I was able to get Roo Code + gpt-oss-120B on DGX Spark working reliably (at least for Tools / function calling) using a vLLM container build from:

https://github.com/eugr/spark-vllm-docker

What works

OpenAI-compatible /v1/chat/completions
Tools / function calling works consistently (model returns tool_calls correctly).
Roo Code can drive tool calls as long as it uses tool_choice: "auto" (gpt-oss behavior).
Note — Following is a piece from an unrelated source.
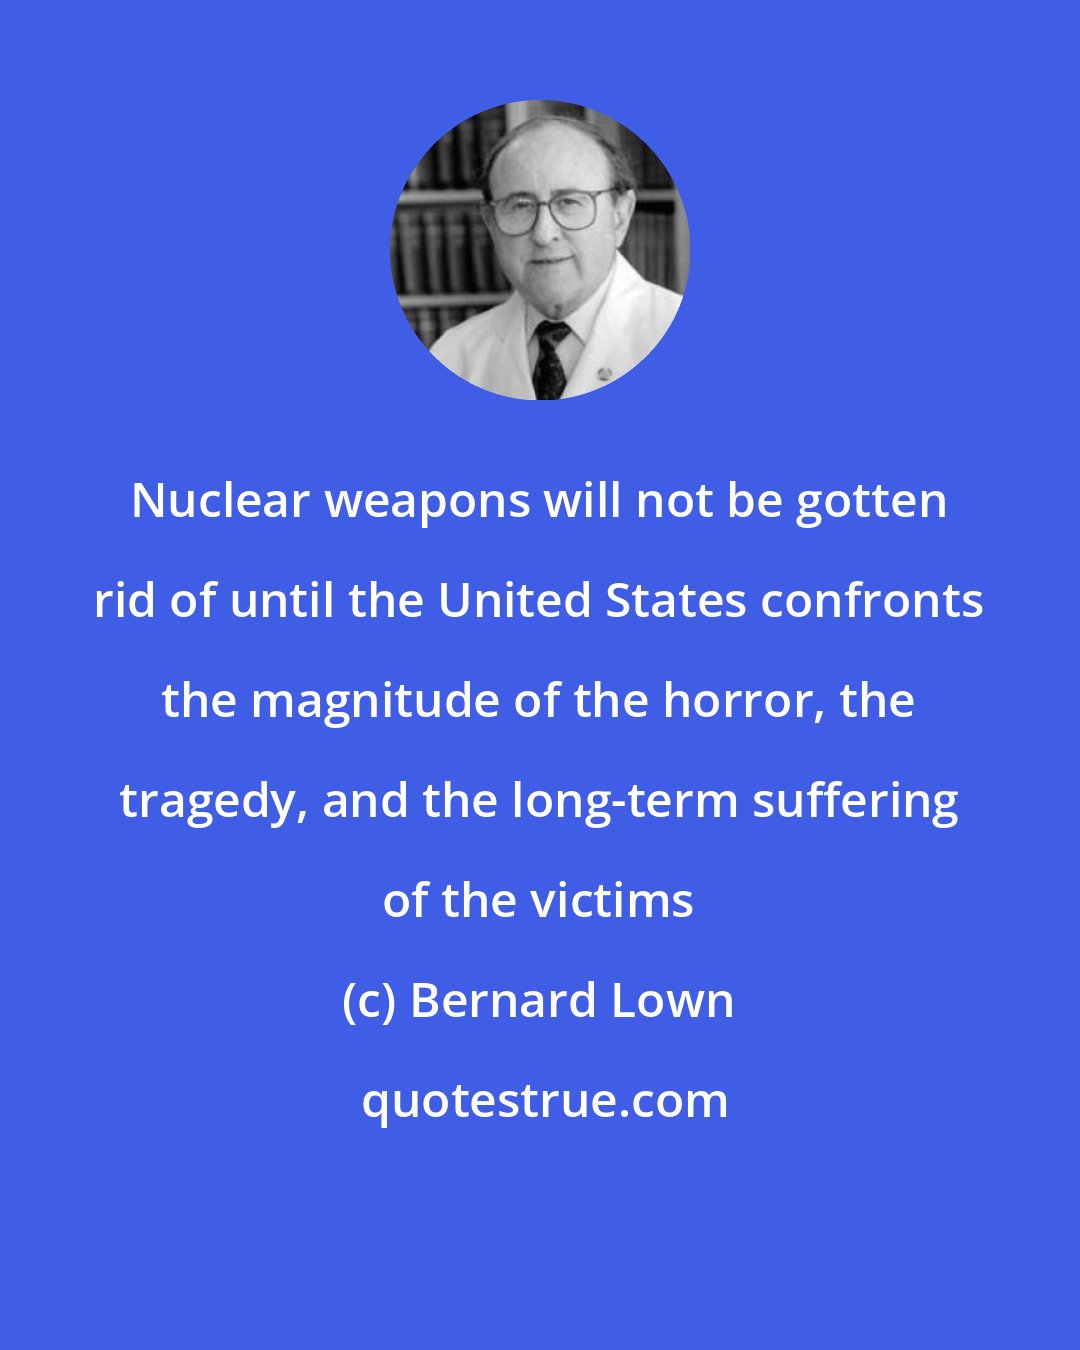 Bernard Lown: Nuclear weapons will not be gotten rid of until the United States confronts the magnitude of the horror, the tragedy, and the long-term suffering of the victims

What does not (yet) work “fully”

Strict / structured outputs in the OpenAI sense is not fully supported in this path. If the client sends strict, vLLM logs that it is ignored. For my use case this wasn’t critical—the key point was having stable tool calling.

Why I didn’t use NIM

I tested the NIM gpt-oss-120B container on DGX Spark, but it does not work on GB10 in my environment (looks like GB10 / CC 12.1 support is not enabled in that container build yet). So I couldn’t get a working NIM runtime for gpt-oss-120B on this hardware.

Minimal working launch (vLLM via spark-vllm-docker)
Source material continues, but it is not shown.